Симплиций заводит бессчетных друзей,
Но слышит укоры он дружбе сей.
 
   Когда изменчивое счастье вознамерится кого-нибудь низвергнуть, то сперва вознесет его превыше небес, и преблагий бог так верно предостерегает каждого от его падения. Так приключилось и со мною, однако я не внял сему предостережению. Я совершенно уверился в том, что тогдашнее мое благополучие покоится на столь прочном основании, что его не поколеблет никакое несчастие, ибо всяк, особливо же сам комендант, был ко мне весьма расположен. Благосклонность тех, кто был у него в большой чести, приобретал я всяческими изъявлениями почтительности; его верных слуг склонял я на свою сторону щедростию и подарками; с теми же, которые стояли чуть выше меня, братался я за чарою вина и клялся им в нерушимой верности и дружбе, а простые бюргеры и солдаты благоволили ко мне, ибо я с каждым из них говорил ласково. «Что за любезный малый этот Егерь, – говаривали они частенько друг другу, – ведь он и потолкует с младенцем на улице, и не прогневит старца!» А случалось мне поймать зайца или рябчика, я посылал его на кухню к тем людям, чью дружбу хотел снискать, а напросившись в гости, доставлял также и добрый глоток вина, которое в тех местах стоило дорого, словом, устраивал так, что все расходы ложились на меня.
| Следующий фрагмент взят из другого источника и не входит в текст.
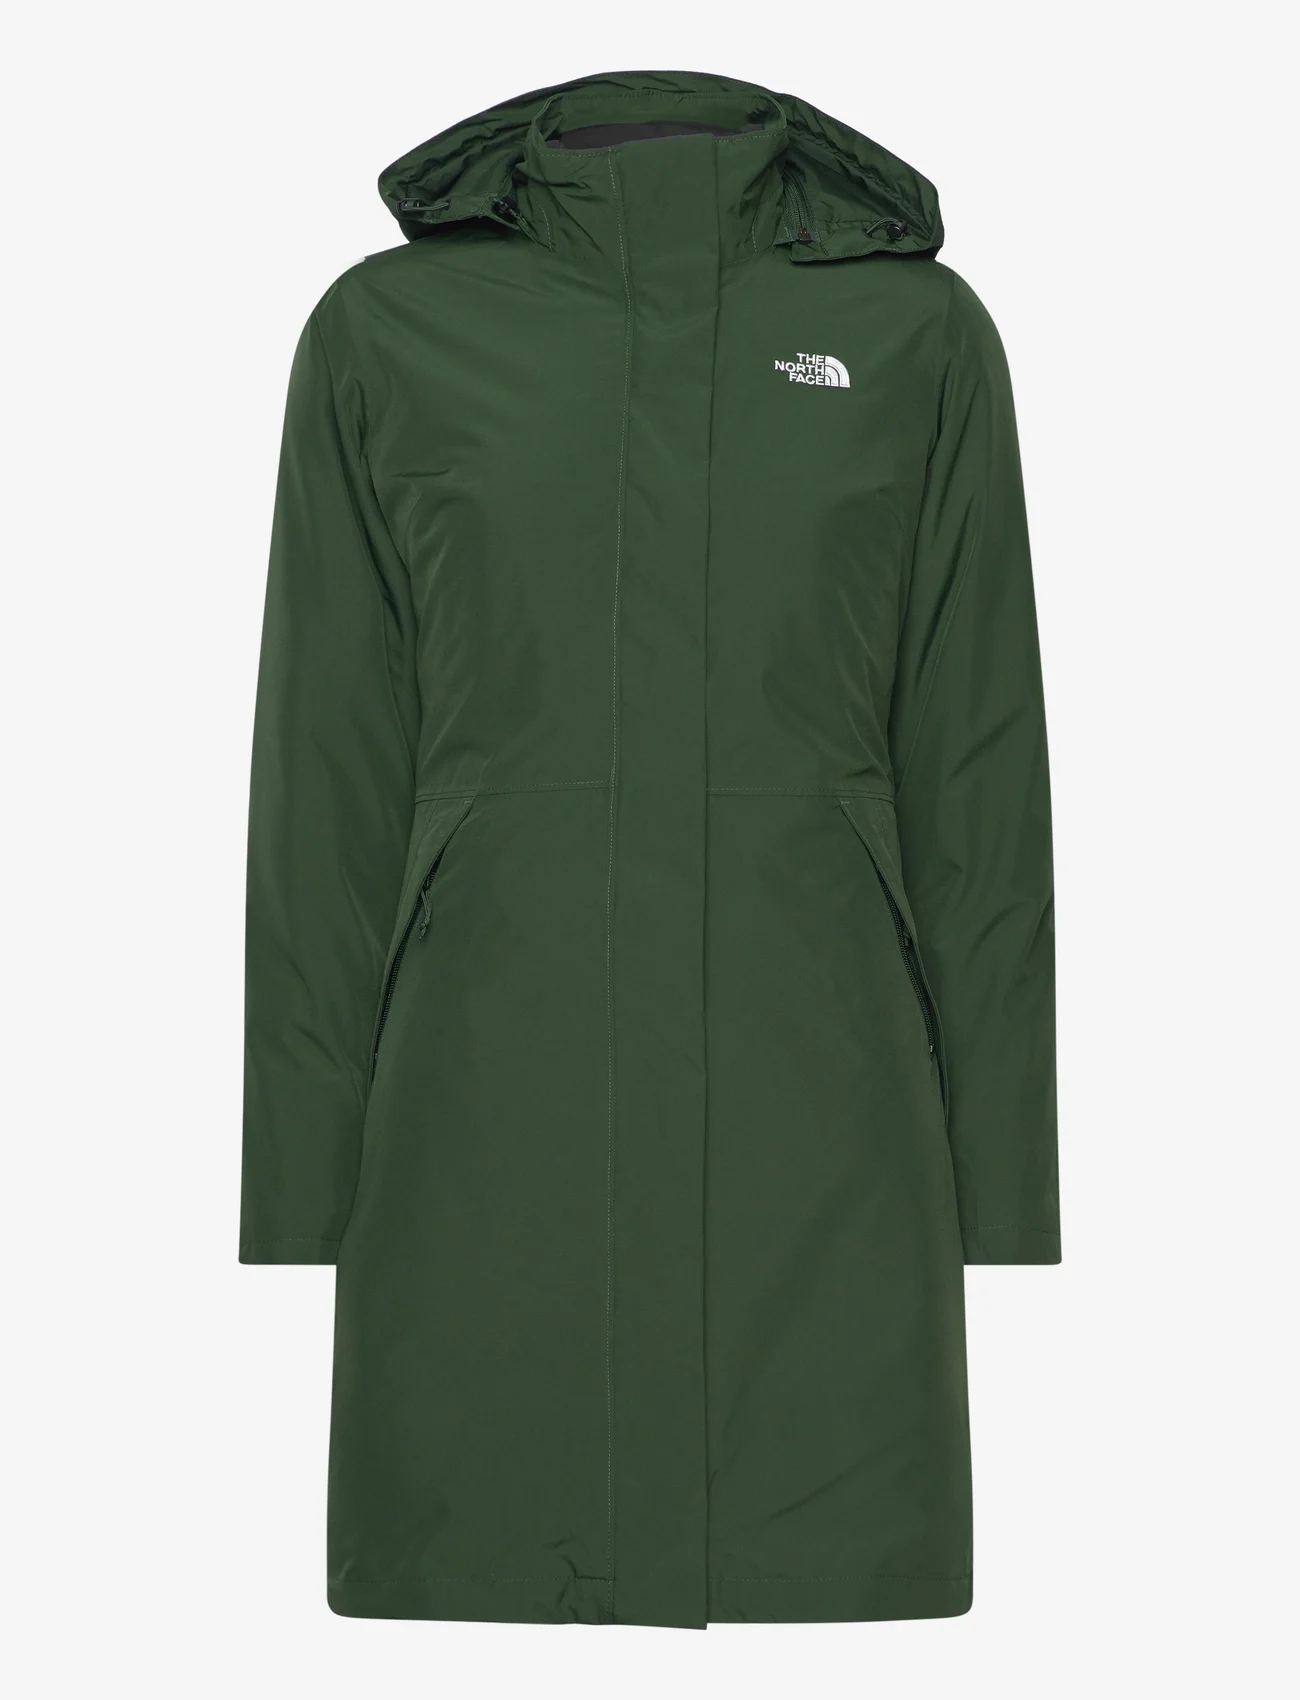 The North Face - W SUZANNE TRICLIMATE - „parka“ stiliaus paltai - pine needle/pine needle - 0

А когда на такой пирушке я заводил с кем-либо беседу, то говорил лишь о том, что было ему любо слушать, выхваливал каждого, да только не самого себя, и напускал на себя такое смирение, как если бы никогда не был обуян гордыней, хотя и знал, что на войне это не бесчестие. Поелику приобрел я себе таким образом общее благоволение и всяк судил обо мне весьма высоко, то я и не помышлял, что мне может приключиться какое-либо несчастие, особливо же потому, что мой кошелек был набит еще довольно туго.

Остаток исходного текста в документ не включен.